Write a 3 term PID controller to control the boiler temperature - one that avoids massive overshoot, and consequent waste of gas.
I'm also currently hacking a "cheapernet gateway". This is an attempt at a very low cost ethernet gateway not dissimilar to an Arduino ethernet shield which will allow low cost wireless sensors to connect to the net and provide the means for realtime, live energy monitoring. Real time means once per second data (OPS) with a 2 second delay caused by the interweb thingy.
Friday, October 09, 2009
It's a while since I last updated this blog, but I have been working towards a more sustainable household.
This month I completed the installation of a wood fired stove with back boiler - returning a solid fuel heatsource to a previously abandonned fireplace.
The stove provides heat for the living-room - the most often occupied room, and heat from the boiler is conveyed upstairs to warm the bedrooms and the hot water tank.
The stoves burns about 1kg of well seasoned wood per hour, so a good armful of logs will keep it going all evening.
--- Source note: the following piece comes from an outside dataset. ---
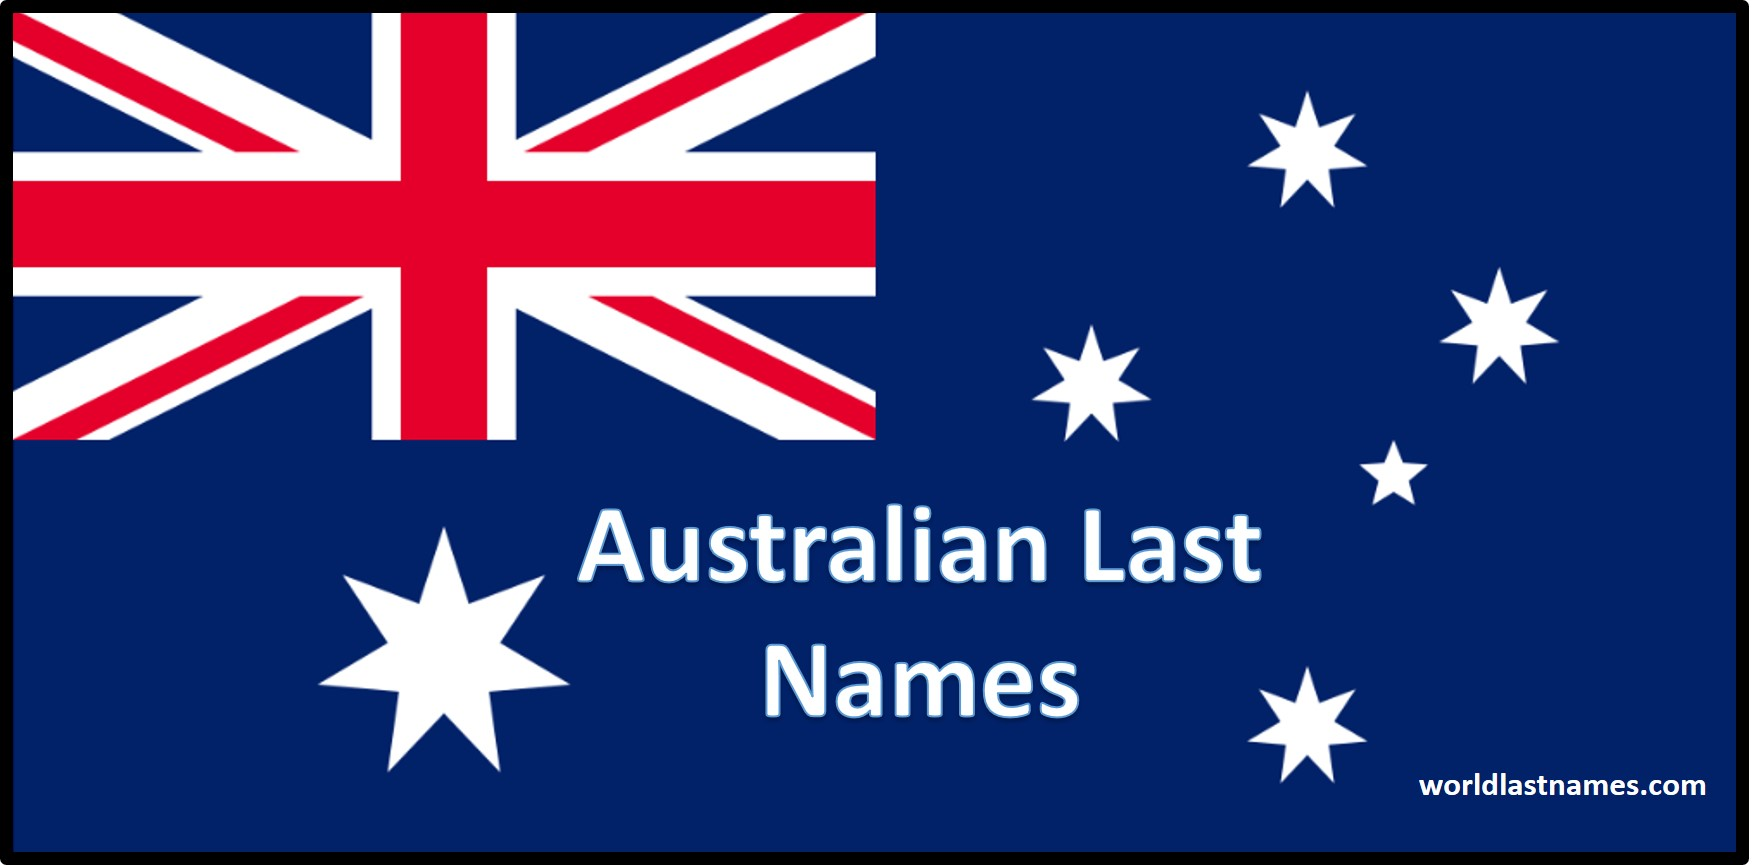 Australian Last Names Australian Flag

We have been fortunate enough to obtain several tonnes of firewood from a fallen oak tree which should keep us going for a while.
The woodstove and boiler is a self contained system and needs no electricity to operate, unlike the gas boiler which needs power for it's control board, ignition, fan and circulation pump.
Once lit, it gets the room comfortable within about 20 minutes, and needs no more than adding a couple of logs per hour to mantain it.
It's just another element in my design for household sustainability. The cost of gas can go through the roof, and the electricty can go off but we will still be cosy in winter. The installation was designed to allow the stove to contribute to the existing central heating system, yet operate independently if necessary.
The cost of the complete system, including a stainless steel liner for the chimney, plumbing, plus a new stone hearth and brick fire surround was about £1600.